Friday, 24 February 2012

Why do you make things so difficult for yourself? / ELVIS 2012

Well well well. Or is that unwell?
I apologise for the dreary, old and tenuous nature of this post, you see I've spent most of this week vainly battling the forces which conspire against me, to take my life.
After waking up at 7am monstrously hungover in not-my-own bed, and trudging to a hospital appointment, basically nothing nice has happened to me this week - apart from watching two films, both starring (to some extent) Dennis Hopper ; one, the David Lynch marathonic Inland Empire, and the second, better, Hopper directed Out of the Blue, which, when being watched in a back room of Goldsmiths caused such an attitude of lawlessness to break out, that smoking - indoor no less- ensued.
Though I have 'given up' smoking, I can resist no opportunity to pettily break the law..which is what this post is getting to, taking a swift detour via some more audio-visual analysis;

When I was in one of this weeks many hospital waiting rooms I had the opportunity to watch some day time telly.
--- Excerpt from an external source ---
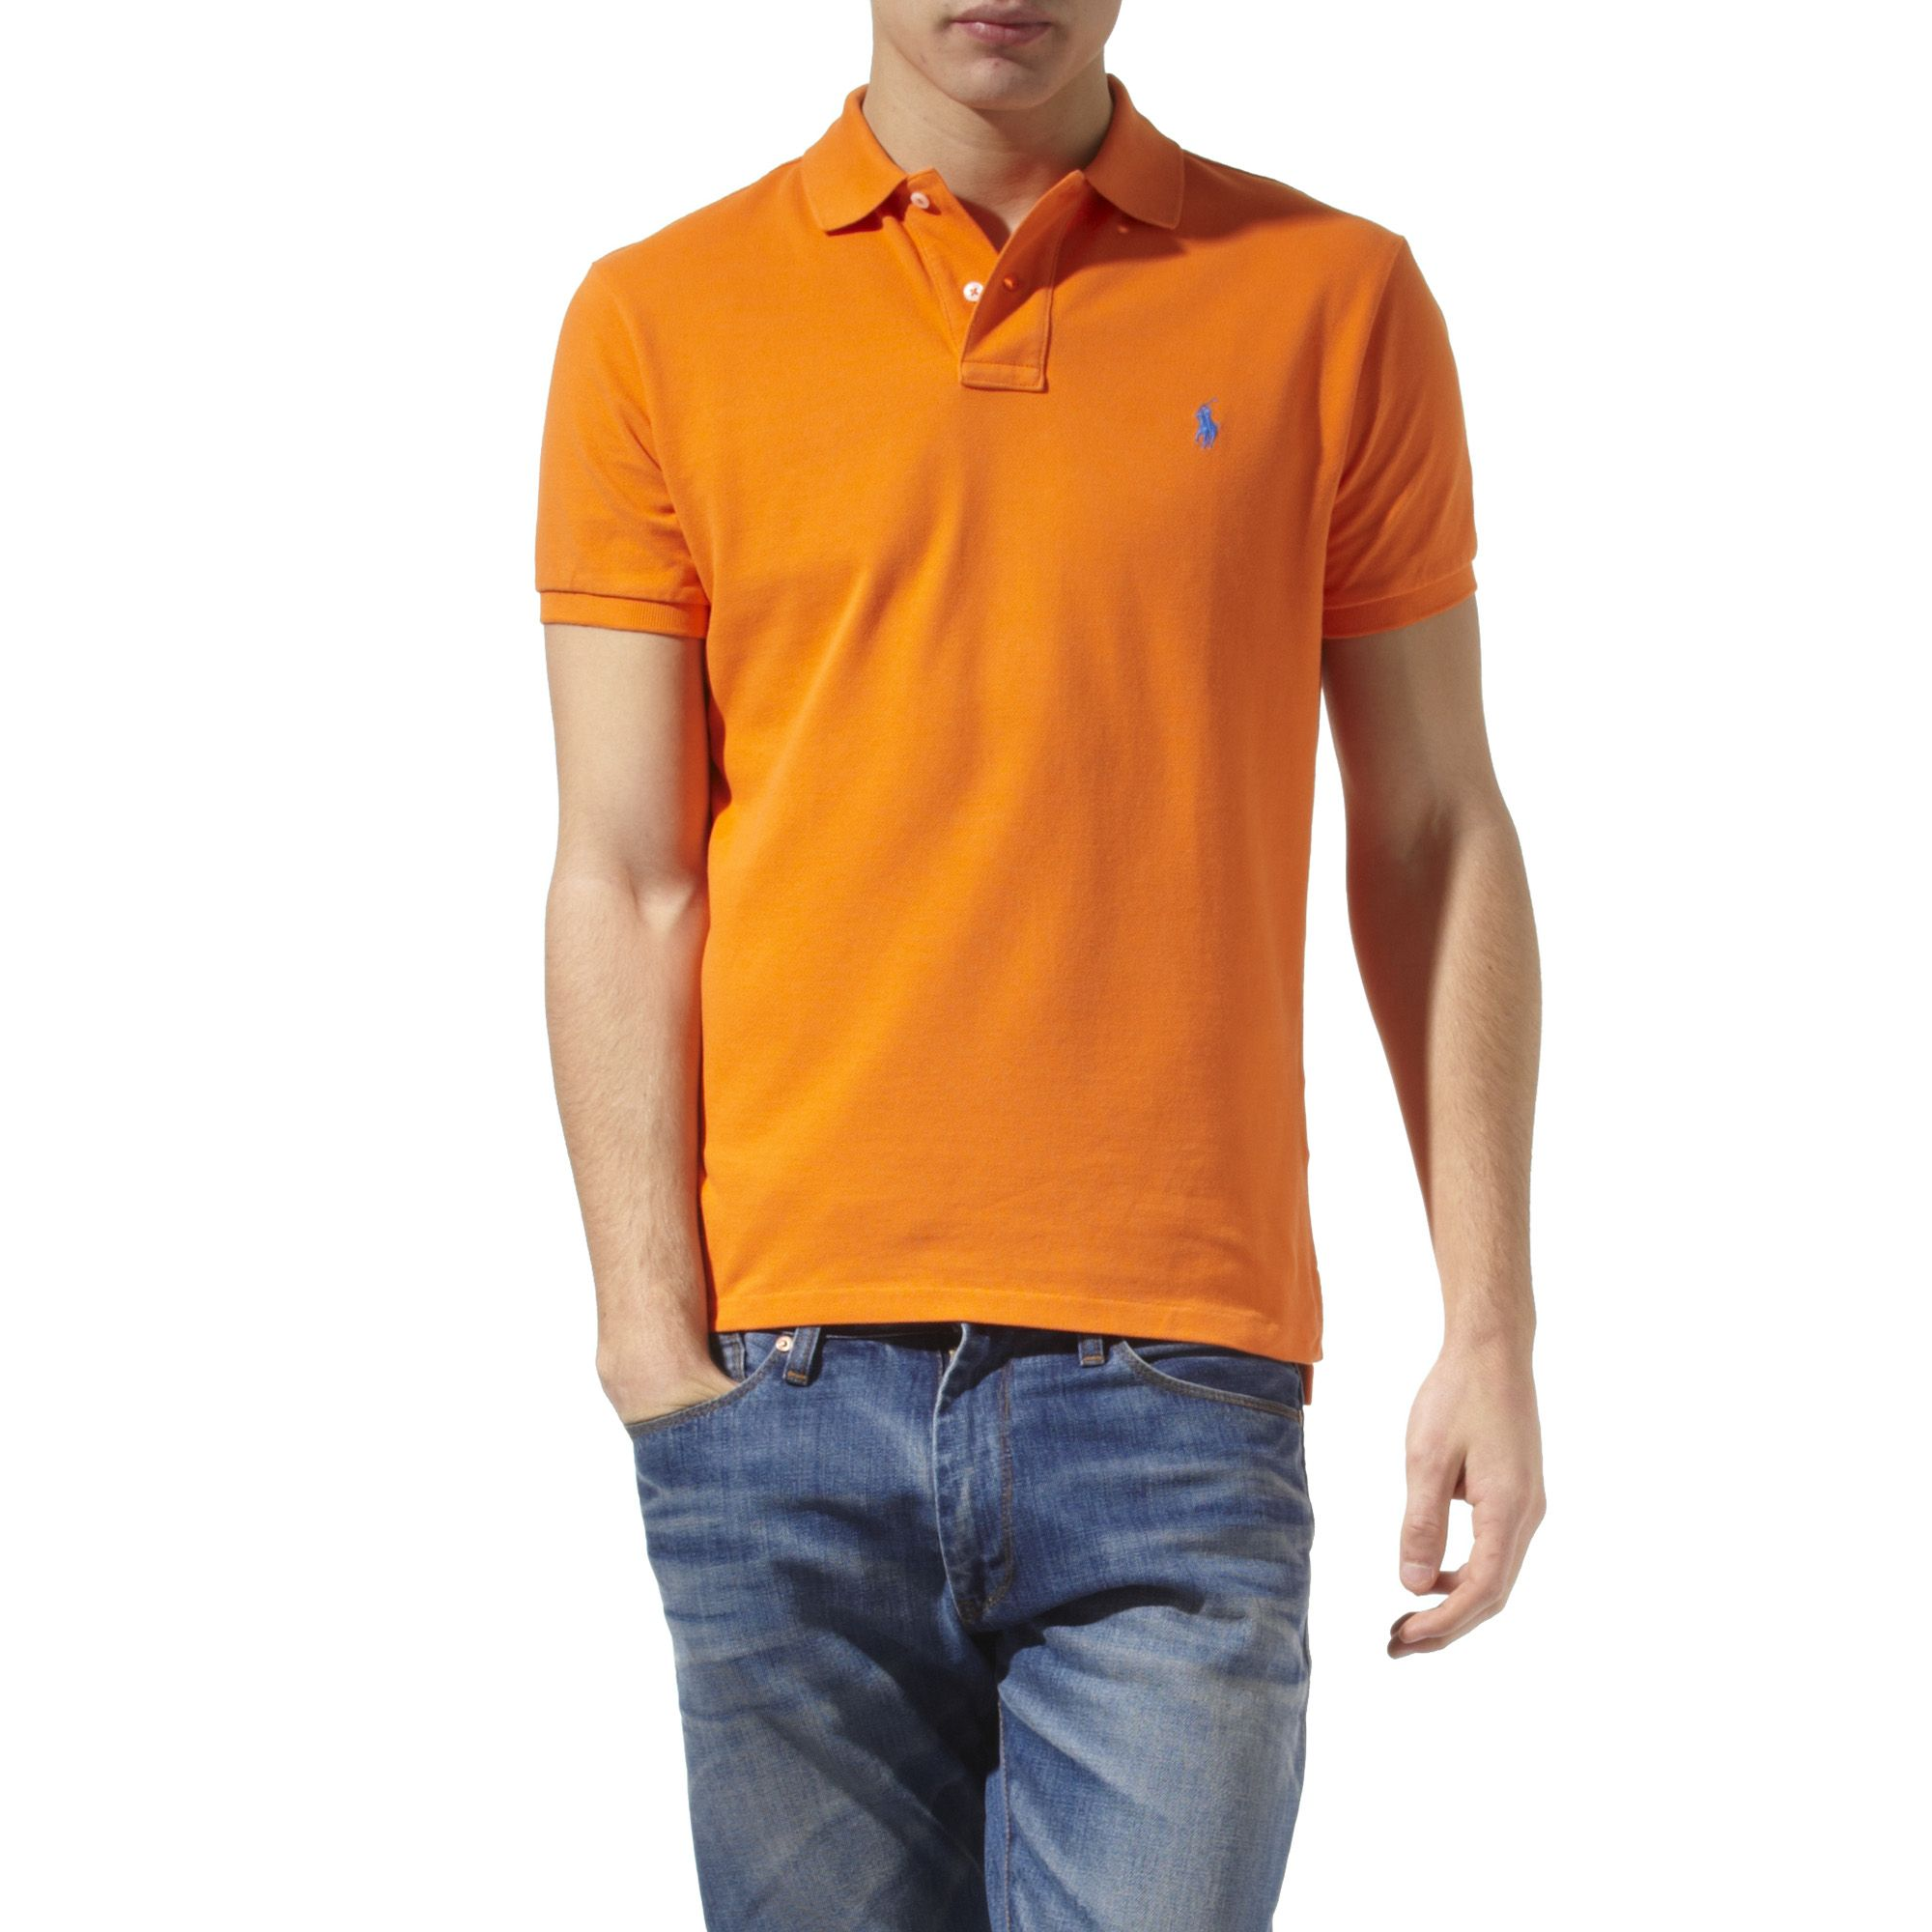 ralph lauren slim fit polo shirt in orange for men lyst. Black Bedroom Furniture Sets. Home Design Ideas
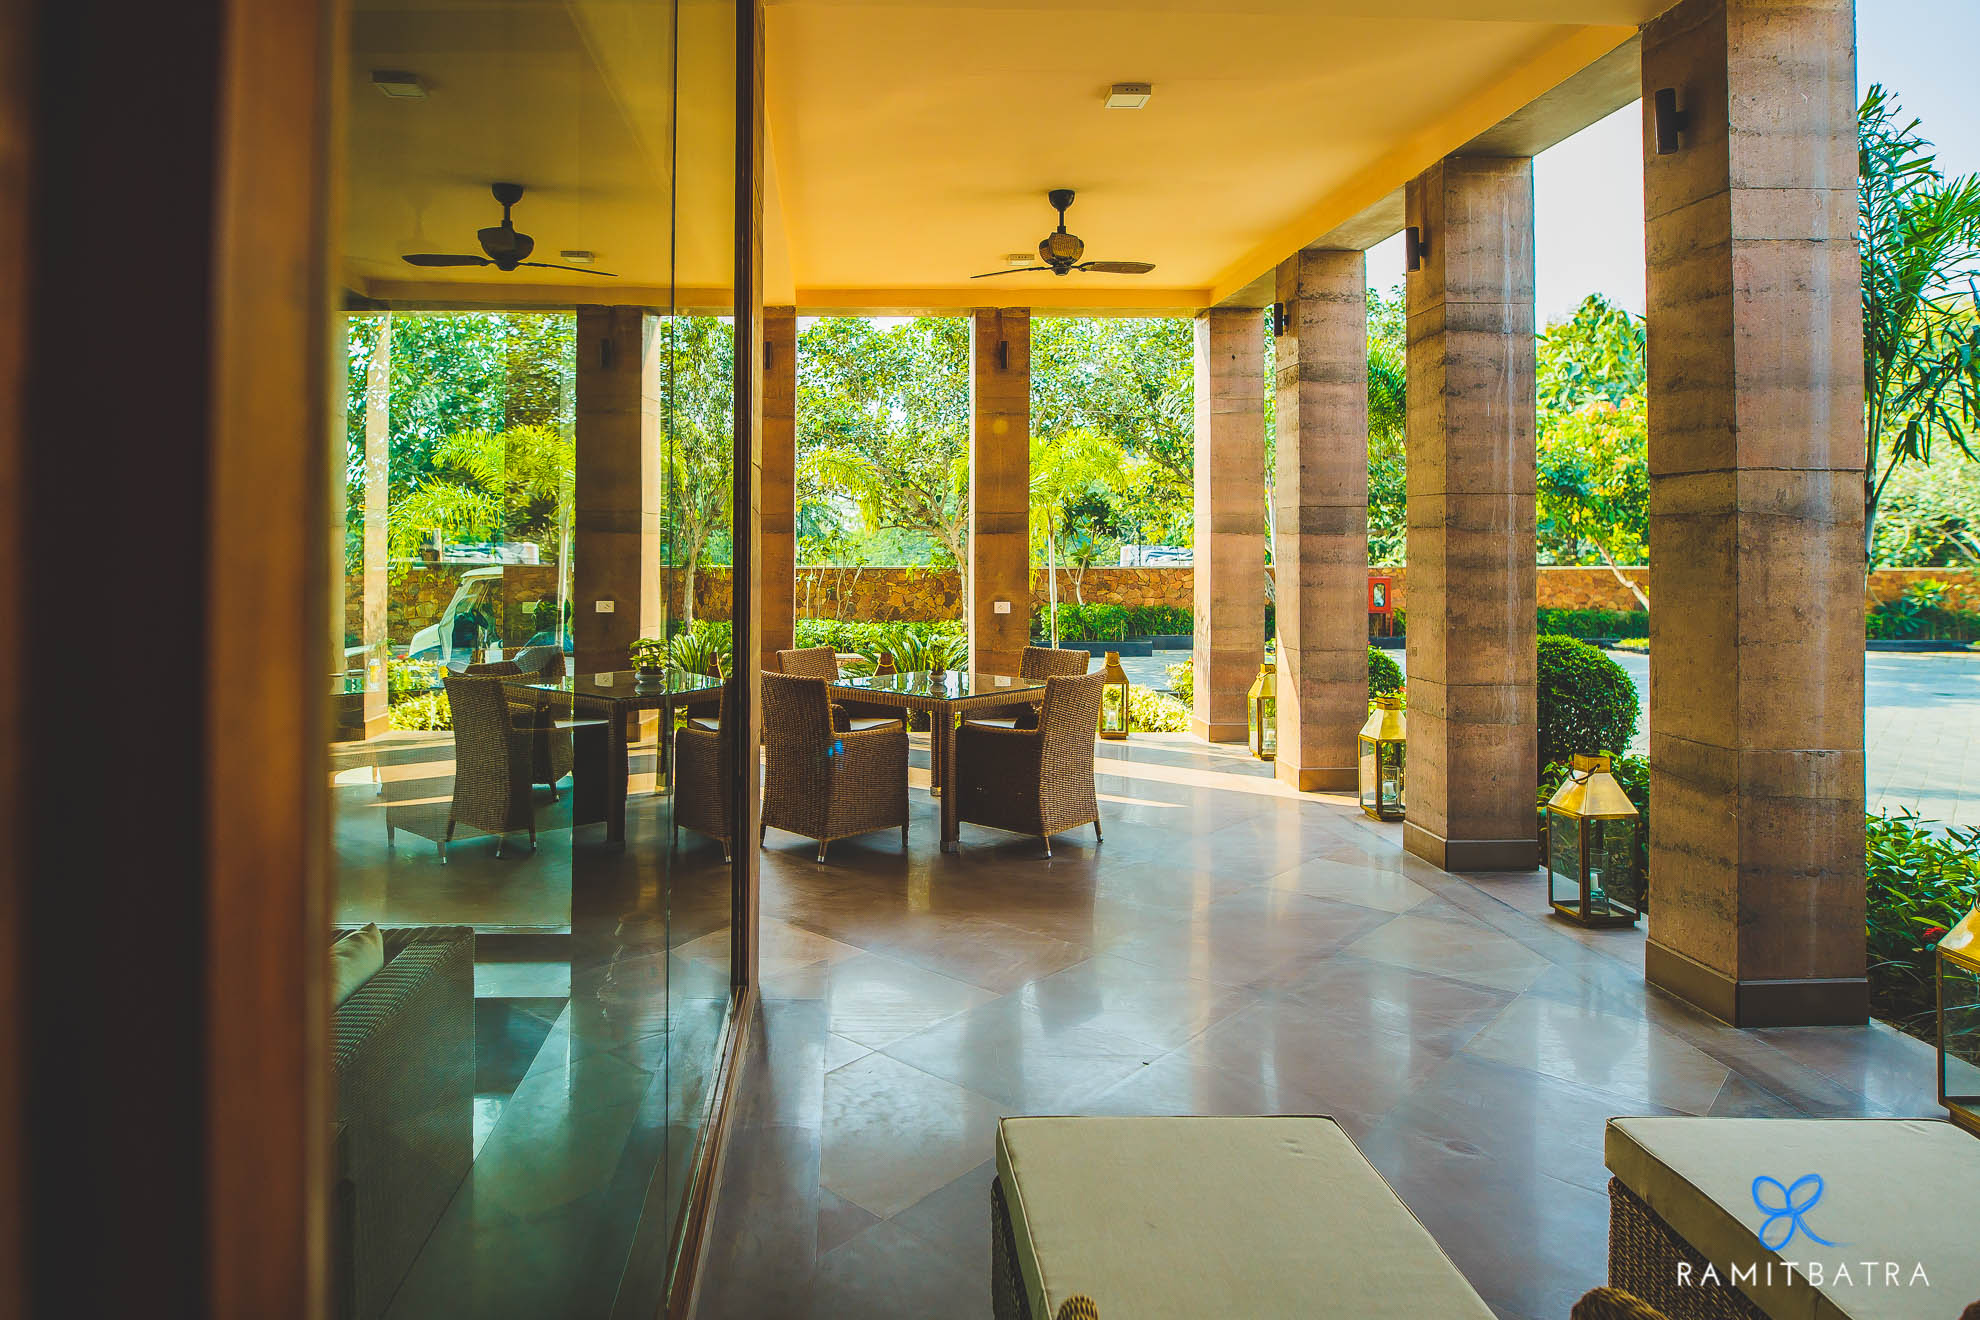 lalit-mangar-hotel-near-delhi-ramitbatra-004

I have not watched daytime telly for a few years at least, and I have not watched it at the hour of 9 for at least ten years.  By God.
I didn't see a lot of it thankfully, but the two programmes that followed each other both concerned Property; the one's novelty appeared to be providing the 'contestants' with laminated A4 printouts of on one side, the union jack, on the other, the Australian jack, or whatever its called, and asked them to rotate them in order to illustrate, in a manner which is stimulating, where they would live the rest of their lives, which by proxy of this peak, would never again be so exiting or important as the moment they gripped that laminated card.
In another bizzare twist of televisual events, Channel 4 paid, for the second time in my recent history, for a taxi for me today, to get home from the hospital at which I was this time holidaying in more urgently.  A man approached me, when I was full of  pain and asked me to be filmed. So they filmed me, for 3 hours, in agony on a bed. Brilliant TV huh?
Which leads us round about to this point - I have spent a lot of time this week at the rather cack-hands of the NHS, whose system due to its semi privatisation is falling to peices around good staff members. This government is royally fucking everyone and everything.  I'm sure you read the news as much as me in regards to the recent hillarious yet useless slapping downs it's received over the past weeks, at the same time as my peers are getting dragged to court on big charges as absurd as 'carrying a replica firearm' - read, a girl with a waterpistol full of paint.
Fuck the lot, fuck pleading guilty and this awful sadistic deference we are being forced into showing for a Crown and system of governance that has done little but abuse is its entire incarnation. We're not guilty of anything, and we (I borrow) never sought out to exploit another, those smarmy bastards would steal from their mother.